Training with variable length sequences with LSTM

Hi all! I’ve gone through a bunch of similar posts about this topic, and while I’ve figured out the idea of needing to use padding and packing, I still haven’t been able to find how to properly pass this data into a loss function. Could anyone check if my logic of code makes sense? Thanks in advance!

  1. I create a padded set of data as follows:
seq_lengths = torch.LongTensor(list(map(len, observations_history)))
observations_history = pad_sequence(observations_history).to(self.device)
  1. Then I pass that padded data and sequence length data into the forward pass of my neural network:
# Embedding layer
x = F.relu(self.fc1(x))

# Padded LSTM layer
x = pack_padded_sequence(x, seq_lengths, enforce_sorted=False)
self.lstm1.flatten_parameters()
x, _ = self.lstm1(x)
x, x_unpacked_len = pad_packed_sequence(x)
time_dimension = torch.tensor(0).to(x.device)
last_timestep_idx = (
    (seq_lengths - 1).view(-1, 1).expand(len(seq_lengths), x.size(2))
).to(x.device)
last_timestep_idx = last_timestep_idx.unsqueeze(time_dimension)
x = x.gather(time_dimension, last_timestep_idx).squeeze(time_dimension)

# Remaining layers
x = F.relu(self.fc2(x))
q_values = self.fc3(x)
return q_values
  1. Those q_values then get passed into an MSE loss function: qf1_loss = 0.5 * F.mse_loss(qf1_a_values, next_q_value)

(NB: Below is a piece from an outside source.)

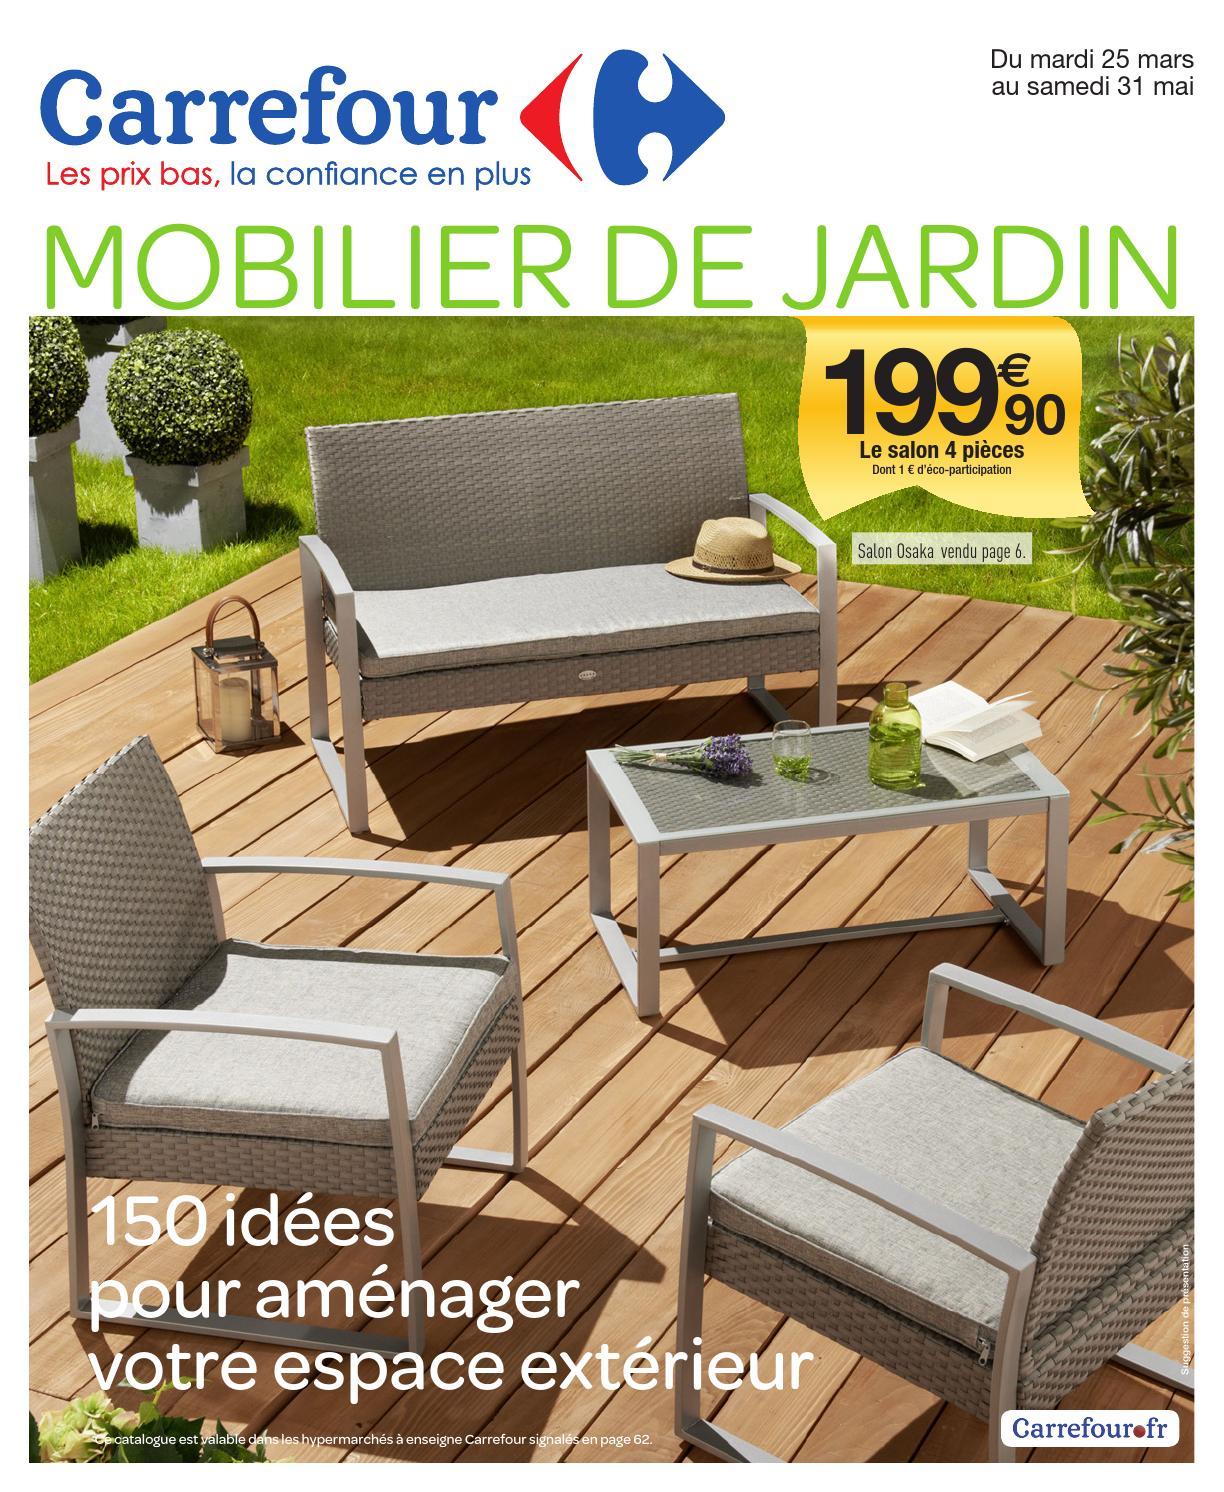 Catalogue Carrefour - 25.03-31.05.2014 By Joe Monroe - Issuu destiné Salon De Jardin Weldom

A couple of questions here:

  1. My first embedding FC layer directly uses the padded data. Is this ok? It obviously seems a bit of a waste computationally, but I don’t think FC layers can also used packed data, can they?

  2. With all the padding and packing going on in the intermediate layers, is this backprop happening correctly using only the non-padded data? Or is it also passing gradients through the padded data and thus making incorrect gradient updates? What is the correct way to set this up?